The Well-Tempered Clavier I No. 14 in F-sharp minor
BWV 859 performed by Jacques Ogg
at home in Bunde, The Netherlands
Behind the music
Filled with melancholy
You just have to play it
For this recording, we visited harpsichordist Jacques Ogg in Bunde, Limburg. Jacques Ogg is a big fan of F-sharp minor, the key of Prelude and fugue no. 14 from the Wohltemperirte Clavier: “It’s a strange key”, he says, “filled with melancholy”. And in this Prelude and fugue the ingenious Bach demonstrates the different ways he can represent that wonderful, sombre character. In the Prelude, he chooses to use the minimum of means. The theme is based on just four notes and the piece is almost completely constructed as a two-part invention. And it is precisely in this simplicity that the master reveals himself. In the four-part Fugue, we hear the melancholy in the yearning counter theme, for instance. “It’s all so subtly constructed, you just have to play it”, says harpsichordist Jacques Ogg.

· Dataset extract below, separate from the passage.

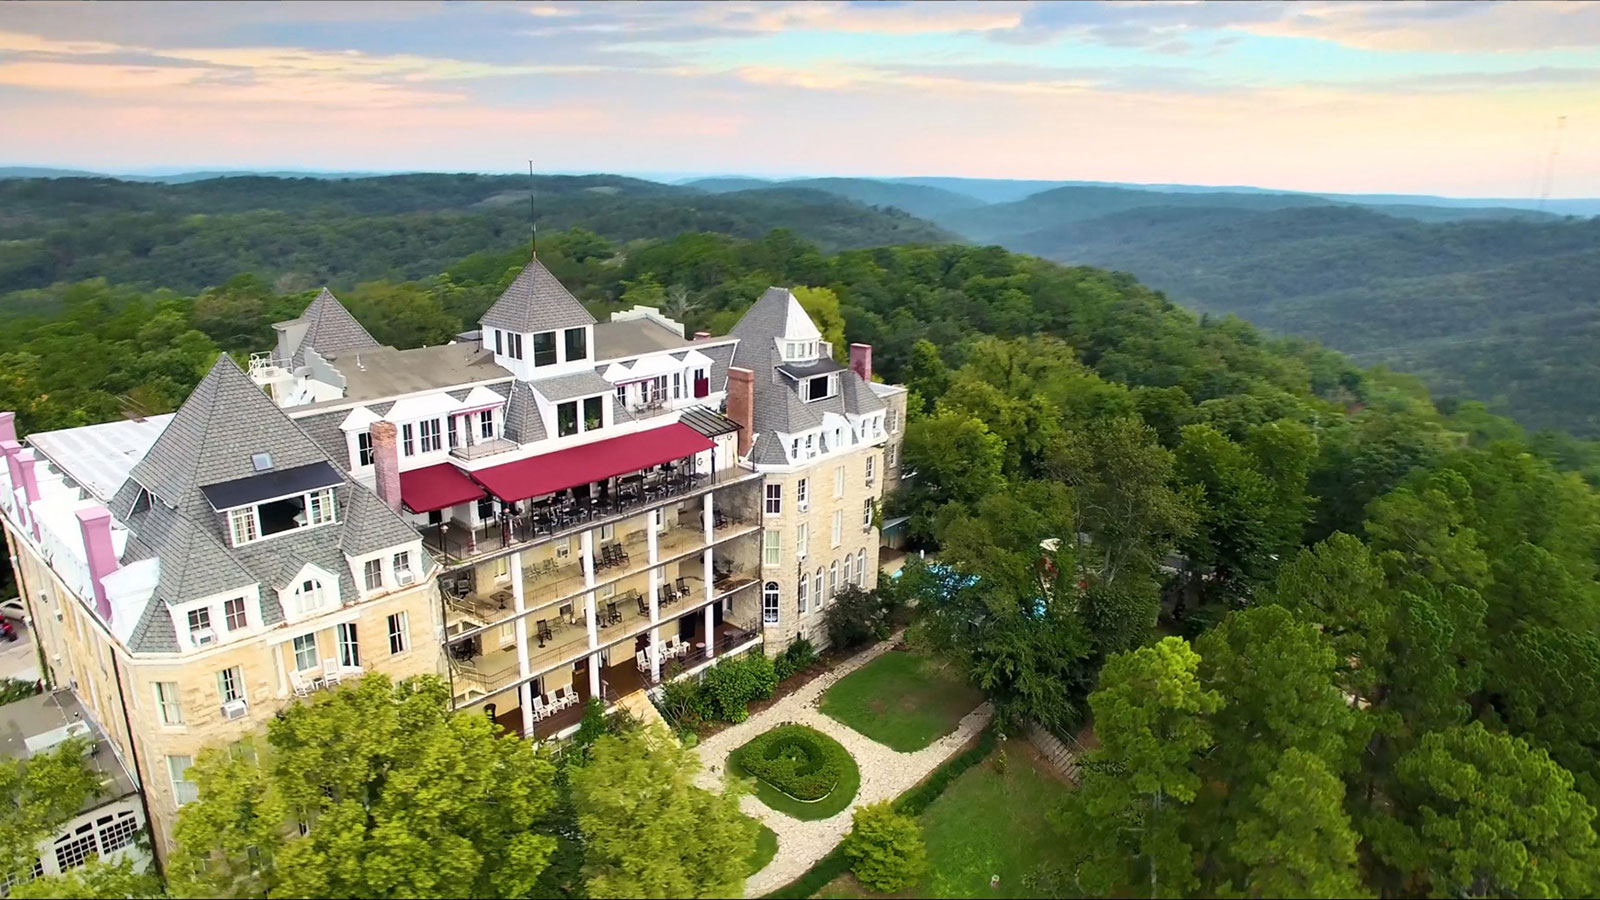 Image of Hotel Exterior 1886 Crescent Hotel & Spa, Member of Historic Hotels of America, in Eureka Springs, Arkansas, Overview
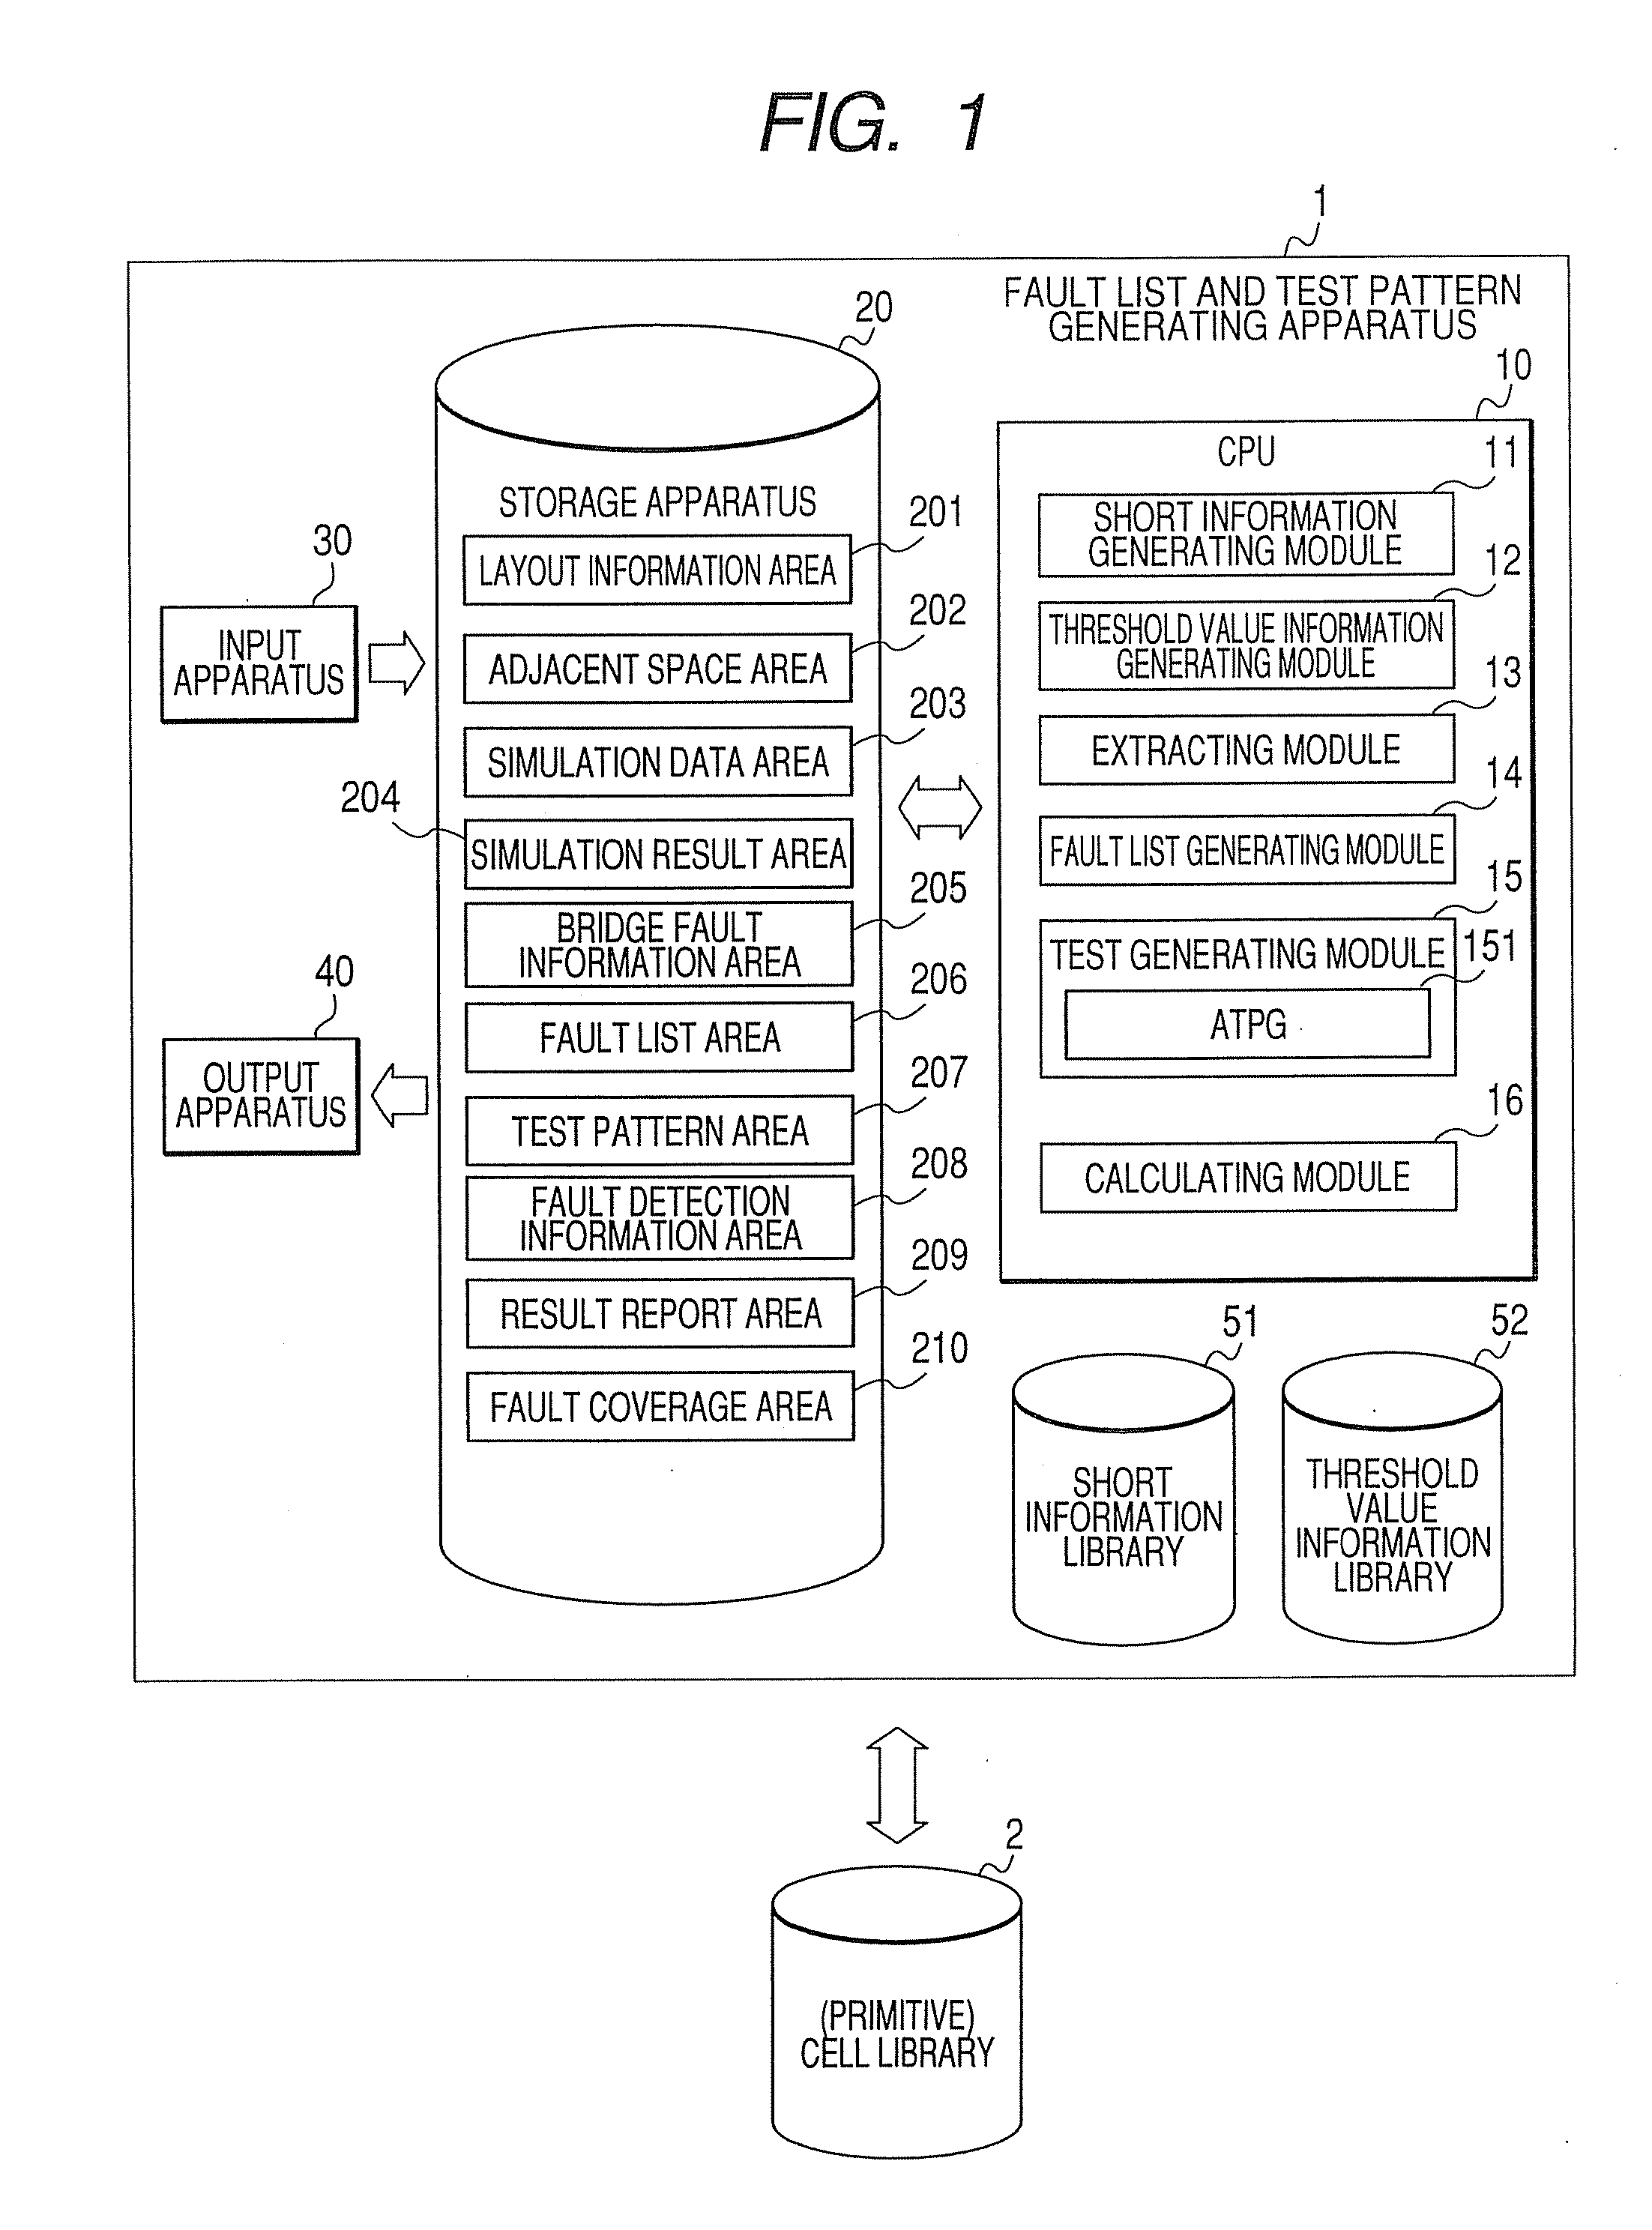 Fault list and test pattern generating apparatus and method, fault list generating and fault coverage calculating apparatus and method

Das Wohltemperirte Clavier, BWV 846-893
Composing 48 keyboard pieces in all 24 keys was the sort of challenge Bach enjoyed. In each of the two parts of the Wohltemperirte Clavier, he brought together the musical couple prelude and fugue 24 times; twelve in minor keys and twelve in major. In the preludes, he gave free rein to his imagination, and demonstrated mathematical tours de force in the fugues. In contrast to the iron discipline Bach had to apply to his church compositions, here he could abandon himself to intellectual Spielerei without worrying about deadlines.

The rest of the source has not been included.